Crucially, despite staggering investment, gaps abound—technical, commercial, and strategic. Training world models requires vast, complex multimodal datasets rarely available openly, creating defensive moats for data-rich startups. Models still struggle with physics accuracy, generalization to novel scenarios, and real-time performance needed for robotics or autonomous vehicles. Startups innovating around efficiency, transfer learning, sim-to-real gaps, and safety validation have outsized opportunities.

On the market front, vertical-specific solutions in healthcare, logistics, and defense are underserved, offering fertile ground for founders with domain expertise. Productizing world models requires bridging the gap from lab prototypes to robust, scalable deployments, including integration tooling and certification for safety-critical applications. Startups enabling high-fidelity synthetic data generation are becoming ecosystem enablers.​

Strategically, founders must navigate open research—like Meta’s V-JEPA—and proprietary plays exemplified by World Labs. Standardization and interoperability remain open questions critical for ecosystem growth. Handling rare edge cases and ensuring reliable sim-to-real transfer are gating factors for robotic and autonomous systems.

For investors, the thesis is clear but nuanced. Robotics world models, vertical AI for high-value industries, infrastructure and tooling layers, and gaming are high-conviction bets offering a blend of risk and clear pathways to market. Foundational model companies with massive compute and data moats present risky but lucrative opportunities, demanding large capital and specialized talent. Efficiency, differentiated data, and agile product-market fit matter more than raw scale alone.

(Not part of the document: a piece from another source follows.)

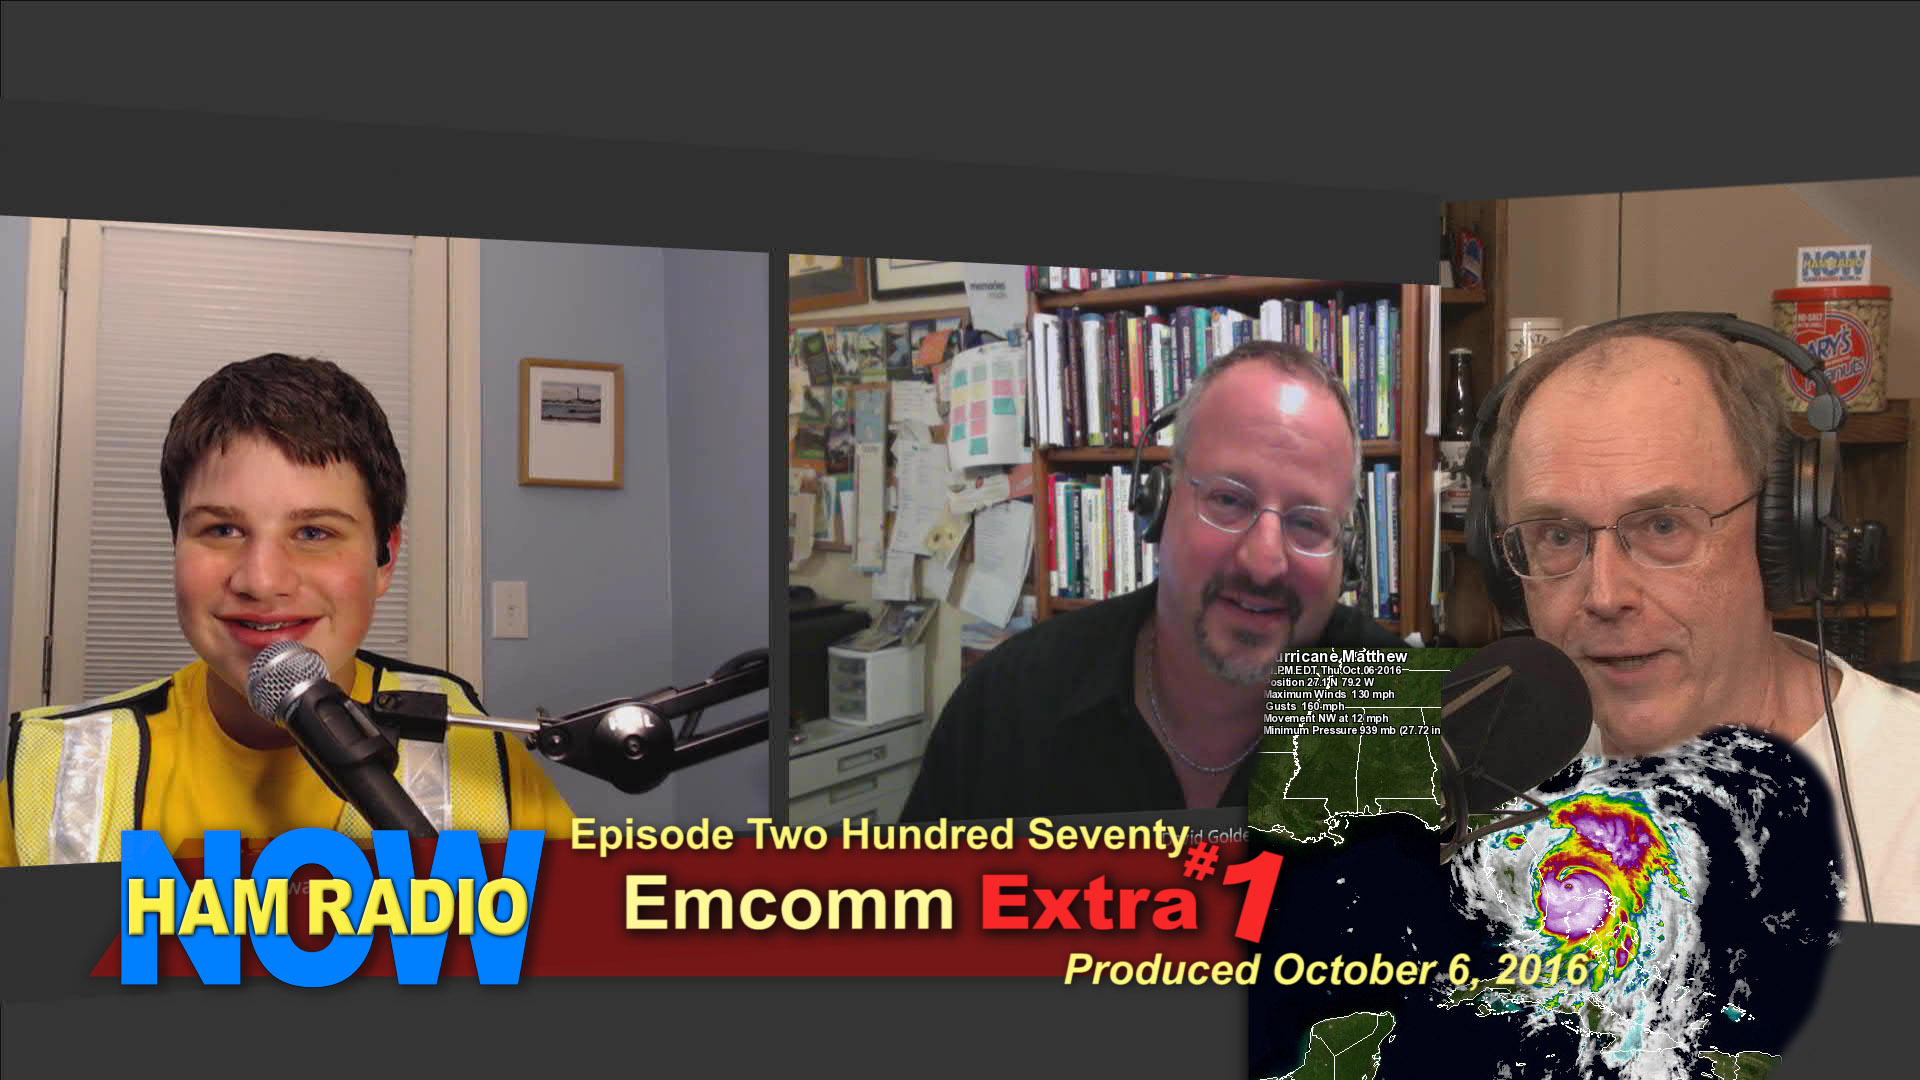 HRN 270 - EmComm Extra 1: Hurricane Matthew

The next 24 months will crystallize market winners as world models shift from research curiosity to mission-critical AI infrastructure. Founders displaying relentless adaptability, technical depth, and deep domain insight will lead the charge. Investors who balance bets across foundation layers and vertical applications, while embracing geographic and stage diversity, stand to capture disproportionate value.

While the industry watches language models, the less flashy but more profound revolution is unfolding quietly in world models—systems that don’t just process language but build a mental map of reality itself. These systems will define the next era of AI, shaping how machines perceive, interact, and augment the physical world for decades.

That’s the state of play. The winners will be those who combine technical innovation with pragmatic business sense, and above all, a ruthlessly adaptive mindset to pivot rapidly as the frontier evolves.